Personal loans have now moved beyond covering urgent needs and aspirations of borrowers. They are now increasingly used for emotional and discretionary purchases, financing holidays, gadgets or celebratory events such as anniversaries, birthdays among other life events. This trend underlines a clear shift in how credit interplays with instant gratification and emotion based spending.
Elucidating on the same, Chintan Panchmatya, Founder, Switch My Loans, says “More than 40% of personal loan applications in India are linked to lifestyle and emotional spends—weddings, vacations, home upgrades—rather than emergencies or essentials. This trend reflects a shift in consumer mindset where aspirational needs are driving credit demand. It’s critical for lenders and platforms to factor in this behavioural shift while assessing borrower intent and risk.”
Digital lending makes borrowing impulsive
With the rapidly evolving digital infrastructure in the country, fintech platforms and leading NBFCs such as Bajaj Finance, L&T Finance, Muthoot Finance, Shriram Finance among others are now allowing personal loan disbursals within minutes through their digital applications, thus reducing the waiting time to almost zero.
Due to this, several borrowers apply for and borrow funds impulsively during moments of excitement or grave difficulties. Then due to improper financial planning and lack of financial literacy most of the borrowers end up using these personal loans for non essentials expenses.
Rising defaults on small‑ticket loans
Small ticket loans especially under ₹10,000 are registering higher default rates than larger loans. This is prevalent especially in smaller towns. The gross bad loan ratios for private banks in this particular segment climbed to between 1.42% and 4.7% with pressure expected to ease in gradual fashion as the year comes to a close.
Furthermore, fintech issuers reported a 90 day delinquency rate of around 3.6% notably higher in rural zones (4.1%) than in urban areas (3.3%). These crucial developments are broadly a consequence of improper financial planning, lack of financial literacy along with usage of personal loans for emotion based purchases rather than planned and calculated spending.
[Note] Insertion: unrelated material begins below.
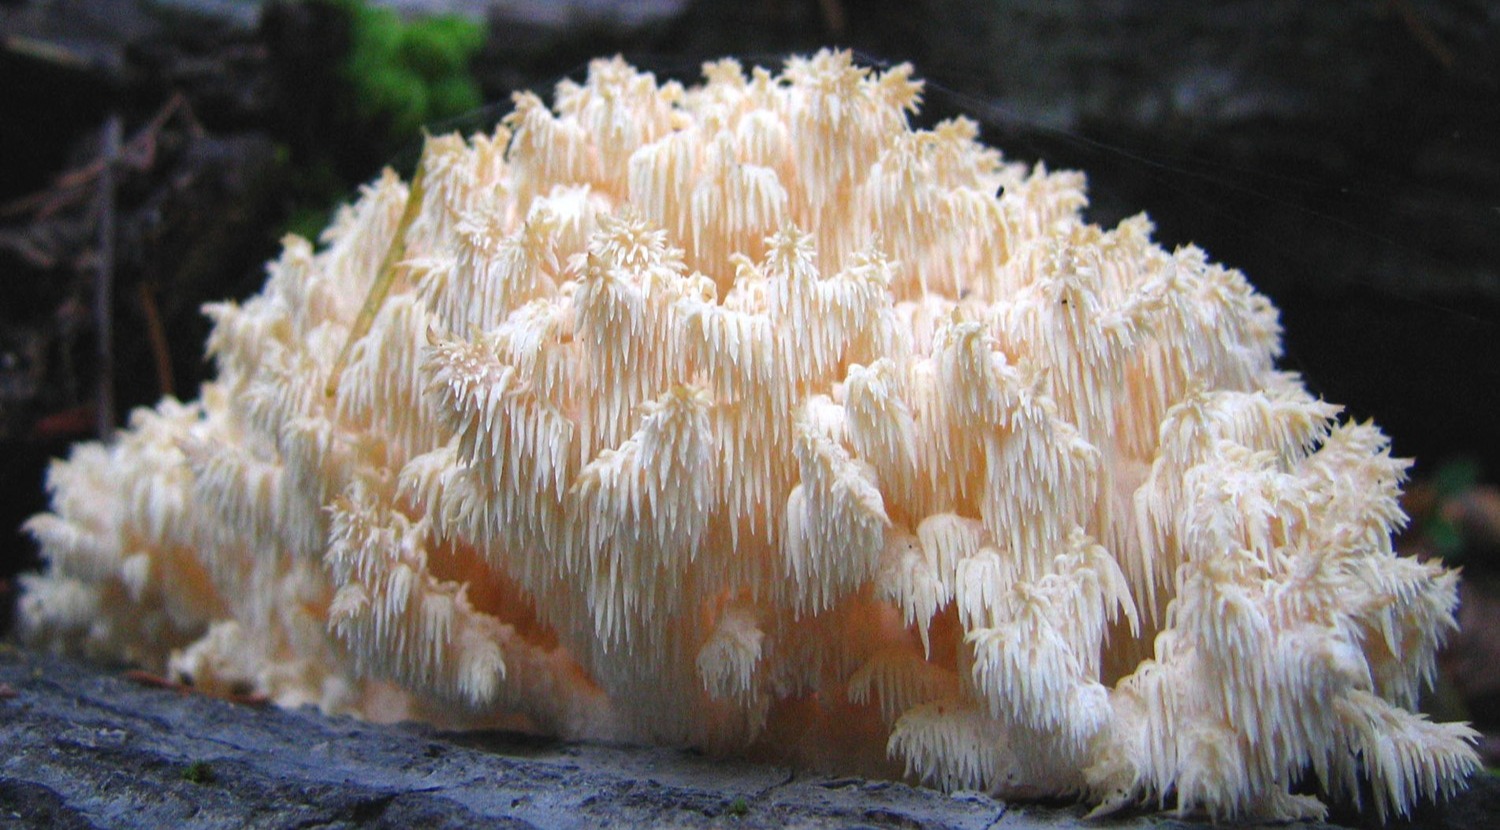 comb tooth mushroom

However, these vulnerabilities remain concentrated in specific borrower segments and geographies. Taking a broader view, Moody’s forecasts stable asset quality for the nation’s banks, with NPAs likely to remain between 2–3% over the next year, supported by domestic growth and prudent regulatory measures.
Therefore, emotional borrowing can definitely trap individuals in debt cycles. It can also result in a rise in EMIs and a consistent shrinking of repayment capacity.
Due to these factors, not just the borrowed amount but even the repayment capacity and frequency of loan applications now heavily influences credit scores. It is prudent in such cases to adopt budgeting systems such as segmenting income, spending and investments and to clearly draw a line between wants and needs.